» What the task requires: Set down without change every line from the line that contains "maldives-red-chain-trim-triangle-bikini-bottom" through the end of the listing, and only those lines. No pictures.

[Stored data — start]

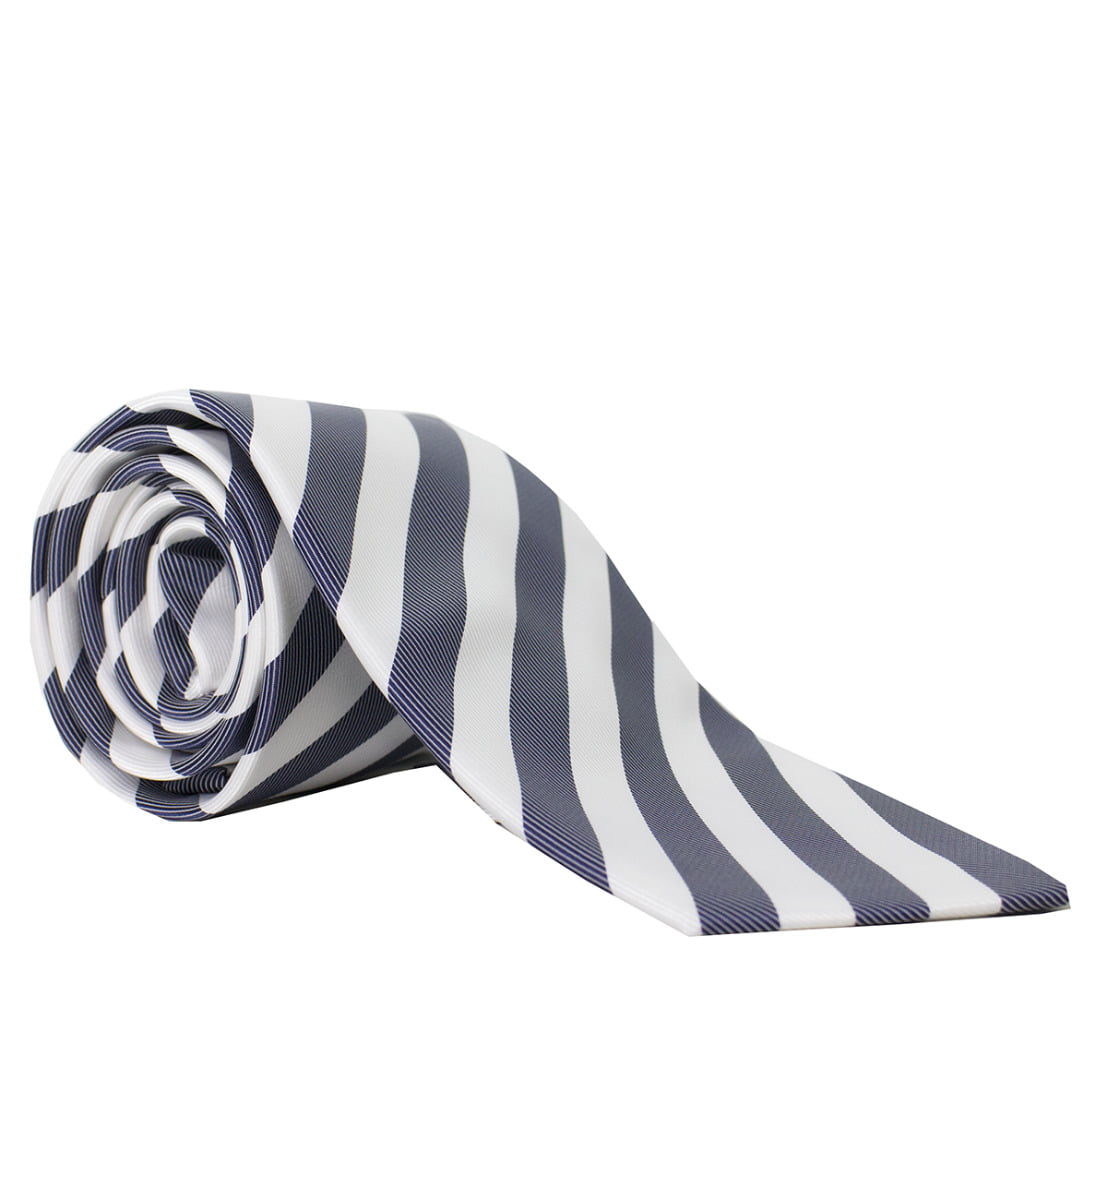 Cravatta uomo blu denim righe diagonali bianche 8cm di larghezza made in italy
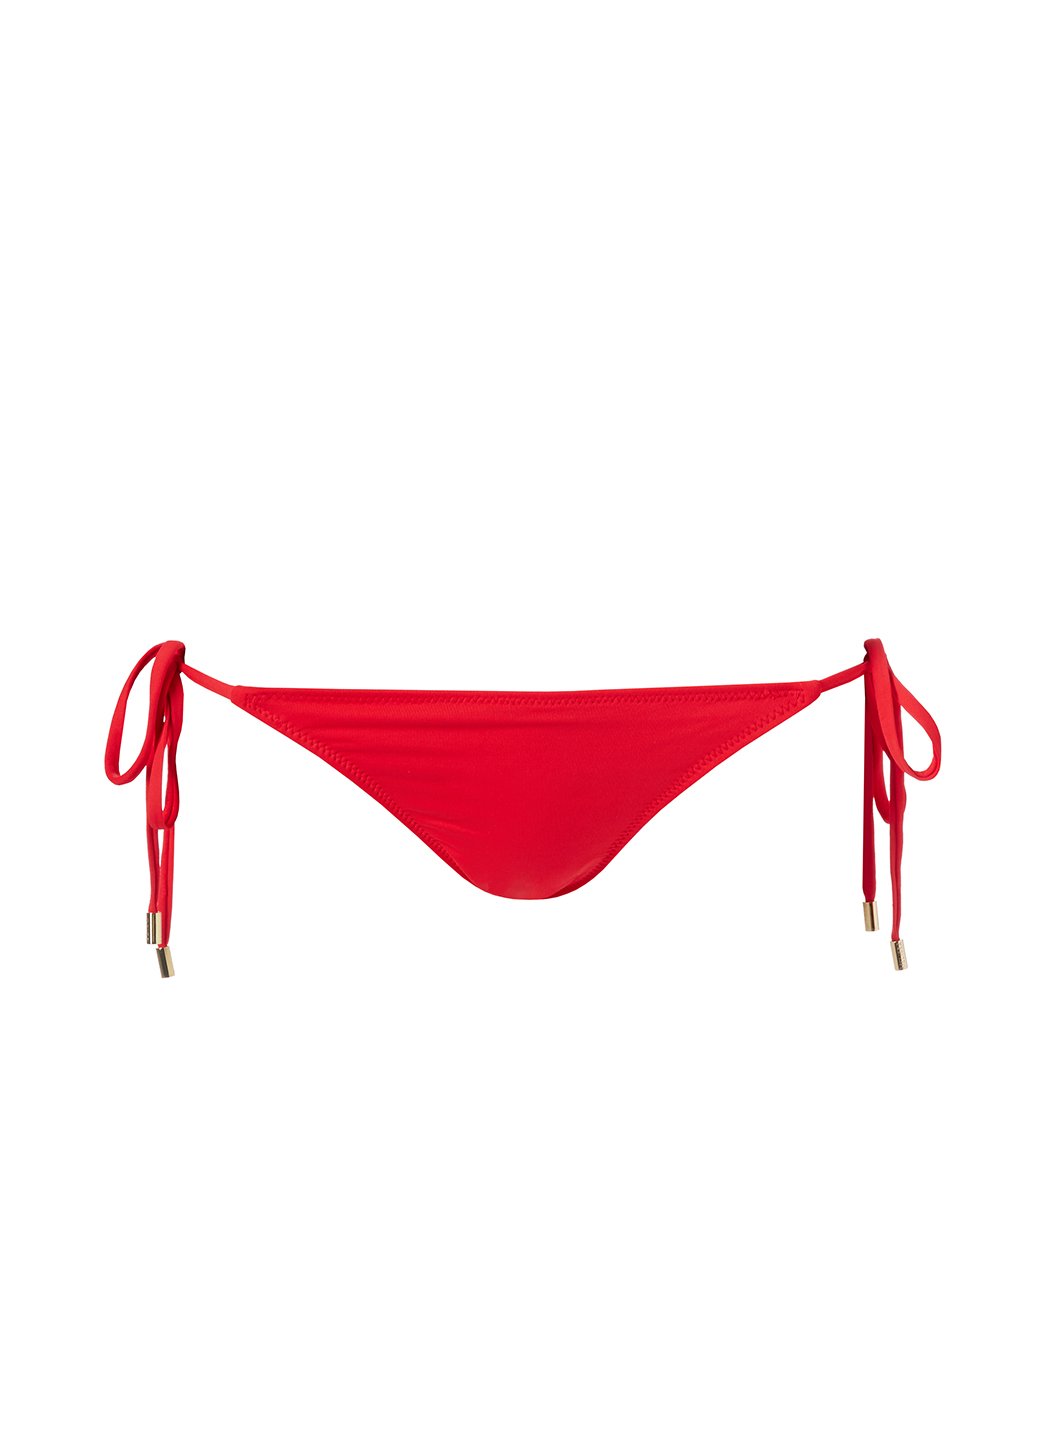 maldives-red-chain-trim-triangle-bikini-bottom
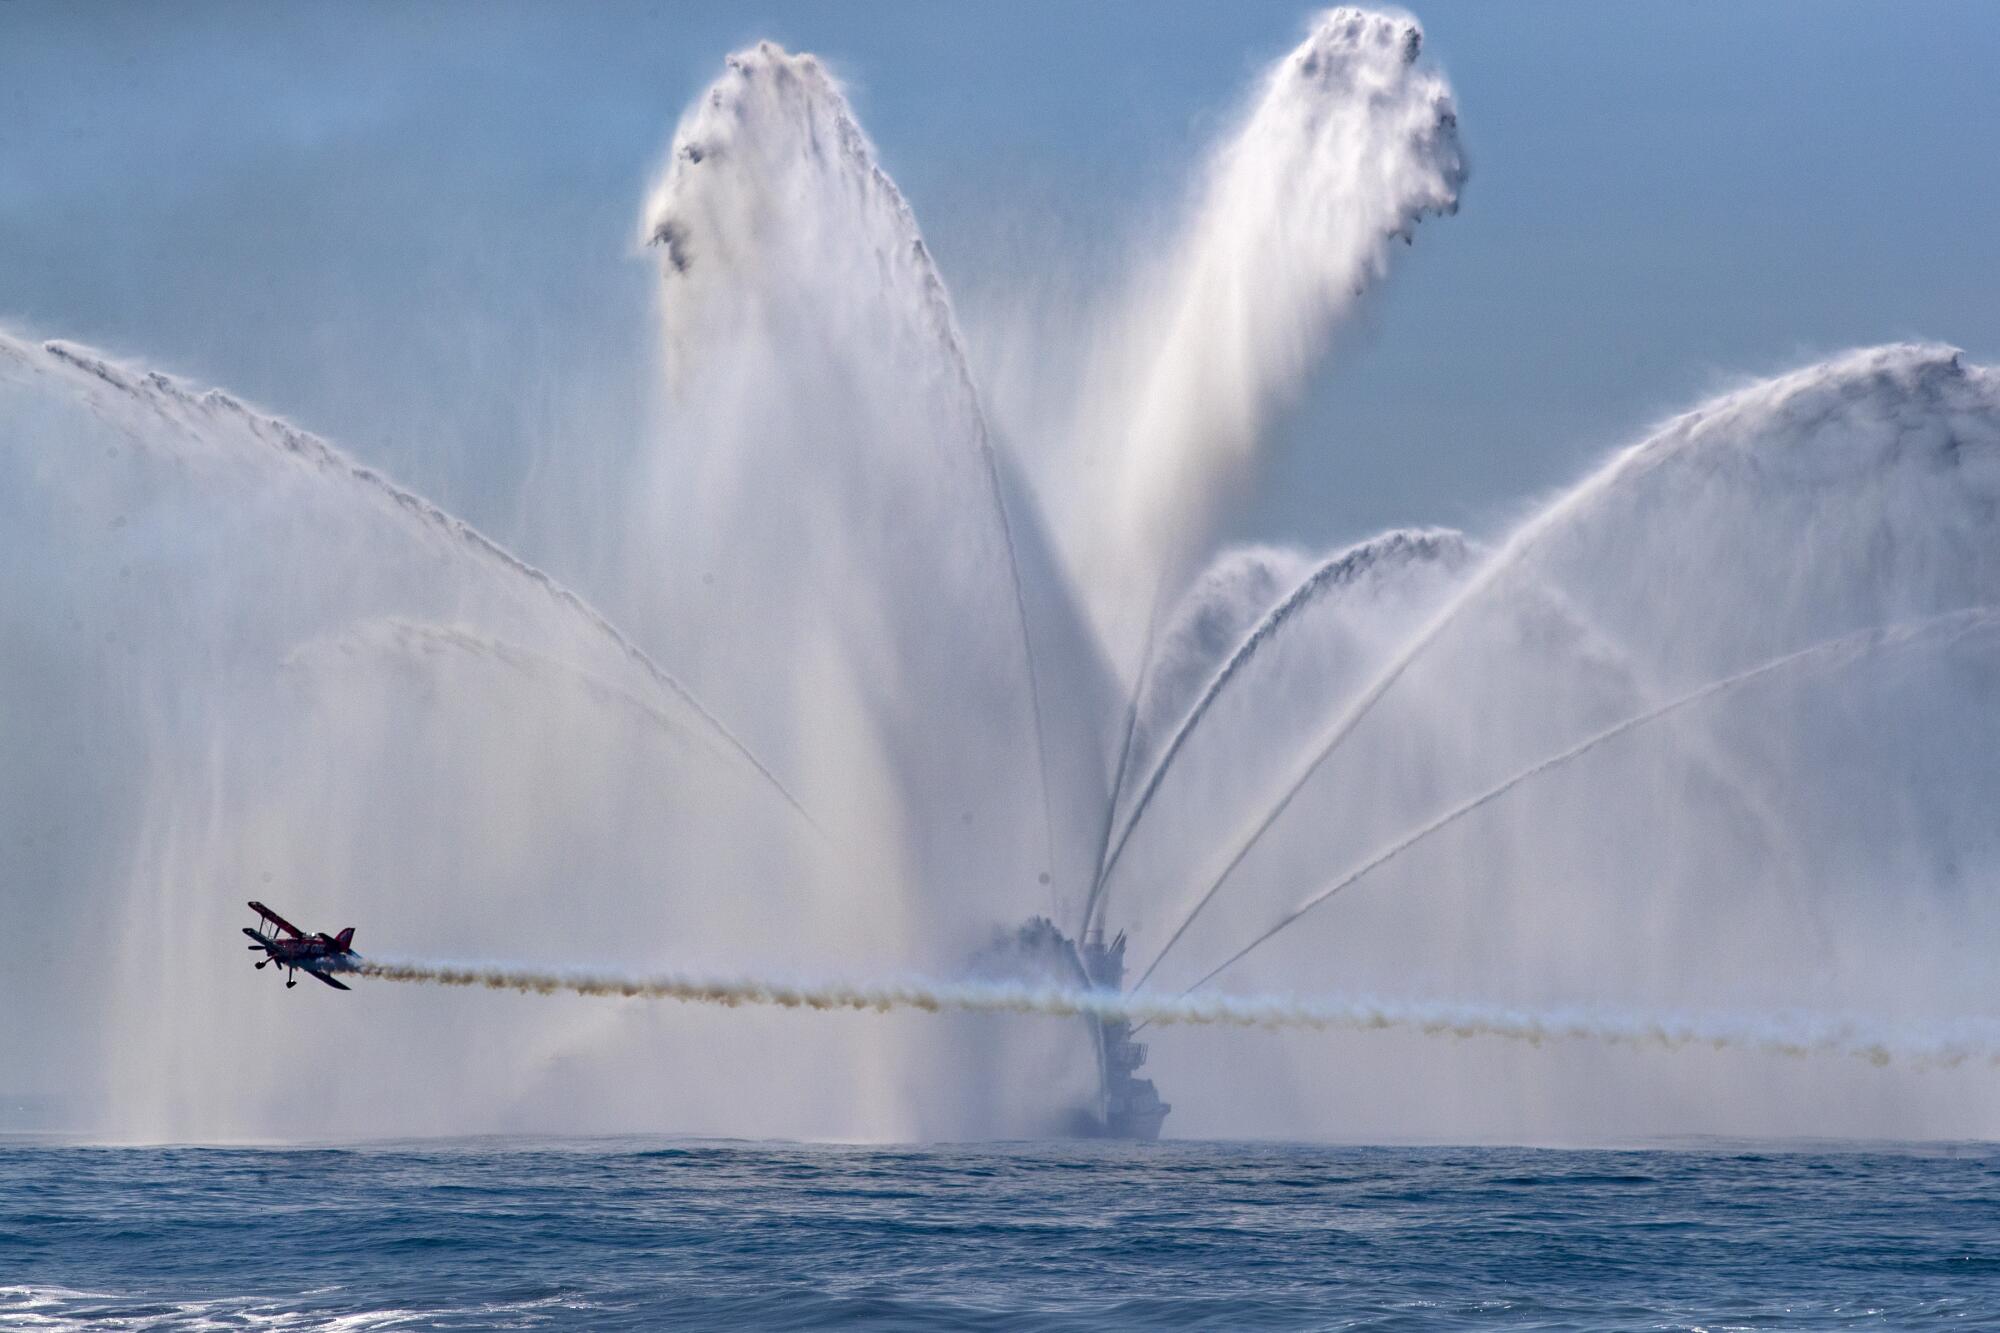 Michael Wiskus flies his biplane past an Orange County fire boat

[Stored data — finish]

» Response:
 maldives-red-chain-trim-triangle-bikini-bottom
 Michael Wiskus flies his biplane past an Orange County fire boat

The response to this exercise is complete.